The structure of the `inputs` for the **propagation** models follows the following rules:

* All model variables must be present (To check what variables are needed for the prediction, use the `model.model_variables` property.)
* Some variable groups need to be complete for the prediction - `Flows/Feeds` and `W`. For this variable groups, the list of values must be of the same dimension as the `timestamps`.  
* For the rest of the variables (`X`, `Z`, `Feed Concentration`), only the initial value must be provided. 
* Only `Z` variables can be of type different than `numeric`

The prediction works from the initial given point onwards. 

As for `Historical` models, the prediction functionality works similarly.

The prediction function requires 3 arguments, `timestamps`, `inputs`. 

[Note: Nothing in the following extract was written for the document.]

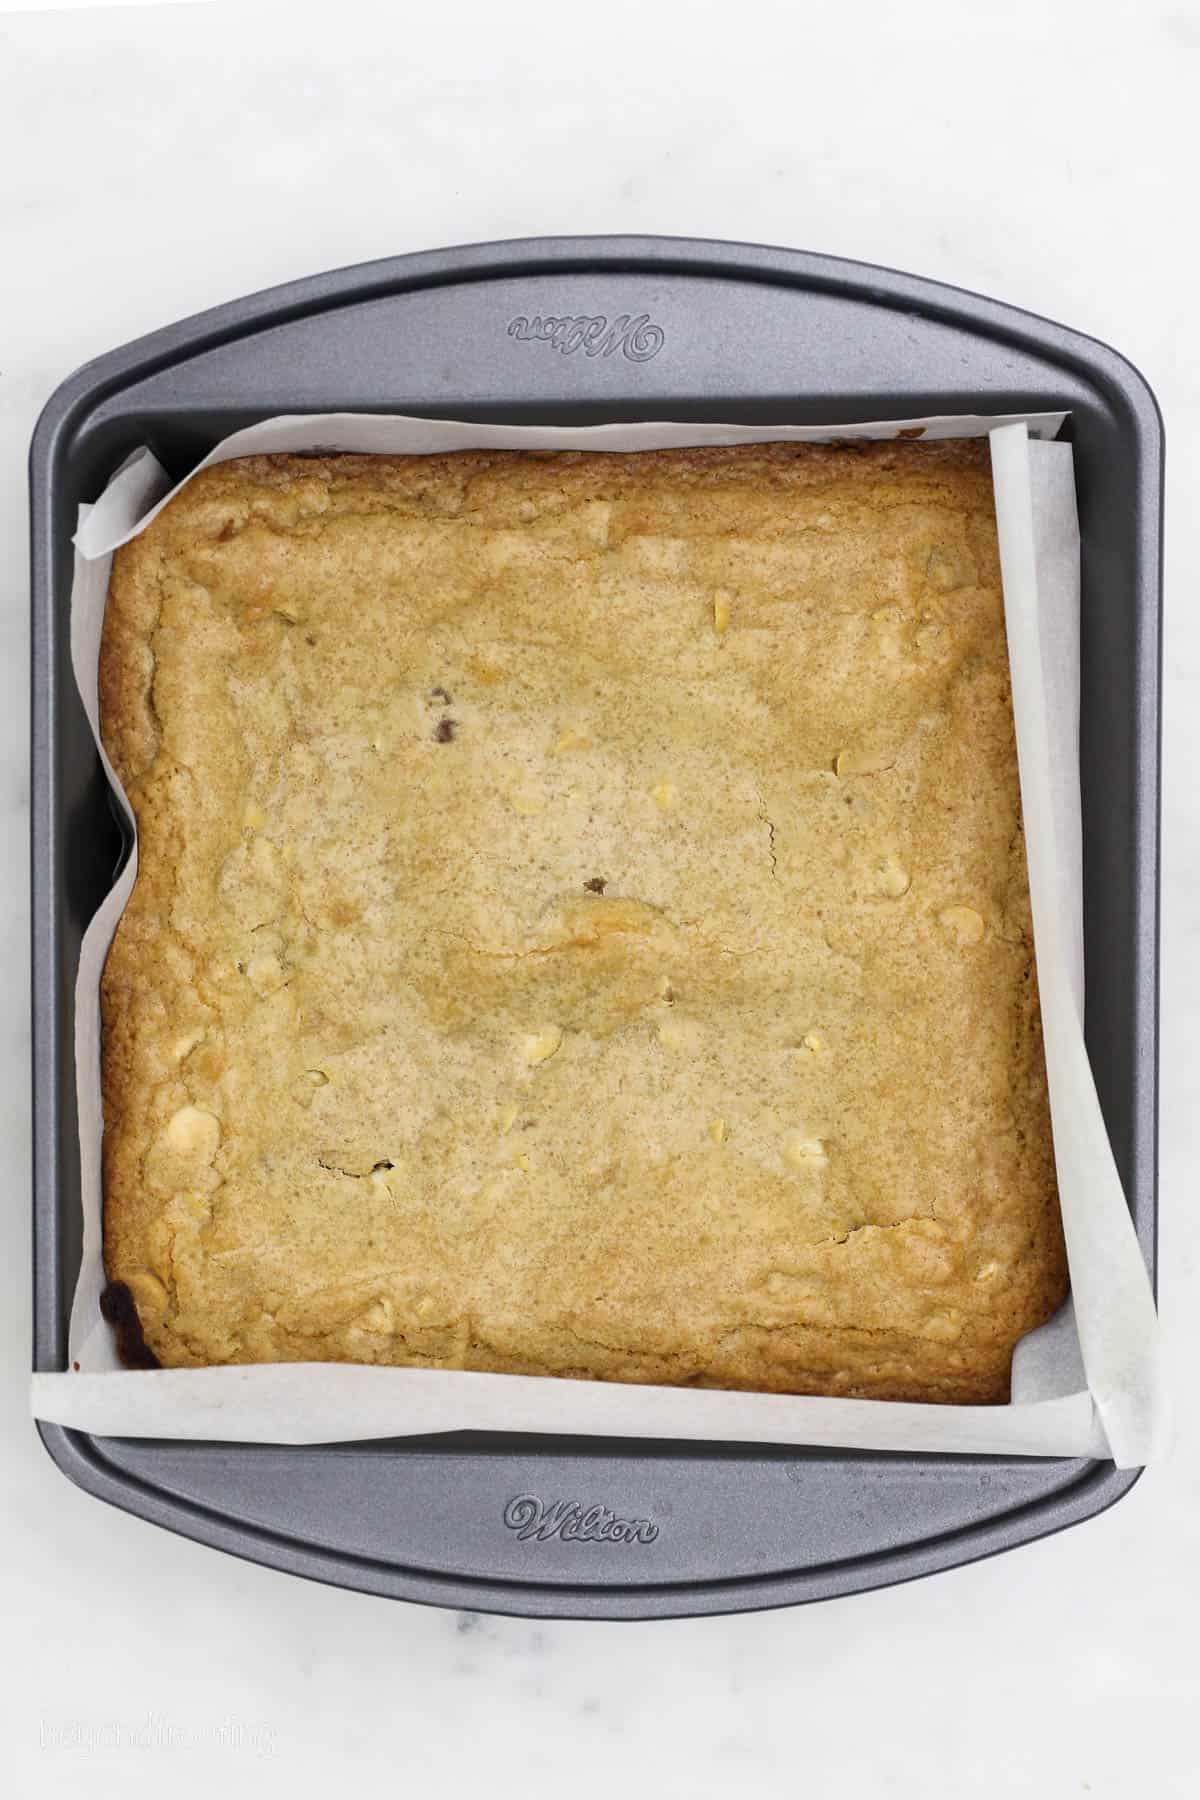 Baked blondies in a parchment-lined cake pan.

* `timestamps` is a list of the timestamps where we expect to have predictions.
* `steps` a list of steps for prediction in the run, , representing the steps from the start of the process. 
            This steps should match the length of the timestamps and start as 0.
* `inputs` is a dictionary with the variables and the necessary values for predictions. The keys must be the Codes of the
            input variables, and the values must be lists of the same length as the timestamps.

As an example: 

In [None]:
models = project.get_models(name="HistoricalModel", model_type="historical")
model = next(models)

timestamps = [86400, 172800, 259200, 345600, 432000, 518400, 604800]
steps = [0,1,2,3,4,5,6]
inputs = {"var1": [42], "var2": [0.3], "var3": [0.5], "var4": [0,2,3,3,3,3,3]}
result = model.predict(timestamps, steps, inputs, timestamps_unit="s")

The structure of the `inputs` for the **historical** models follows the following rules:

* All model variables must be present. 
* Some variable groups need to be complete for the prediction - `Flows/Feeds` and `W`. For this variable groups, the list of values must be of the same dimension as the `timestamps` and not have missing values.
* For `X` variables, the dimensions of the value list must be the same as the `timestamps`, however, missing values are allowed. For better prediction performance, it's advisable that you give the most complete input value list. 
* For `Z` and `Feed Concentration` variables, only the initial value must be provided. 

The prediction only returns the output variables prediction.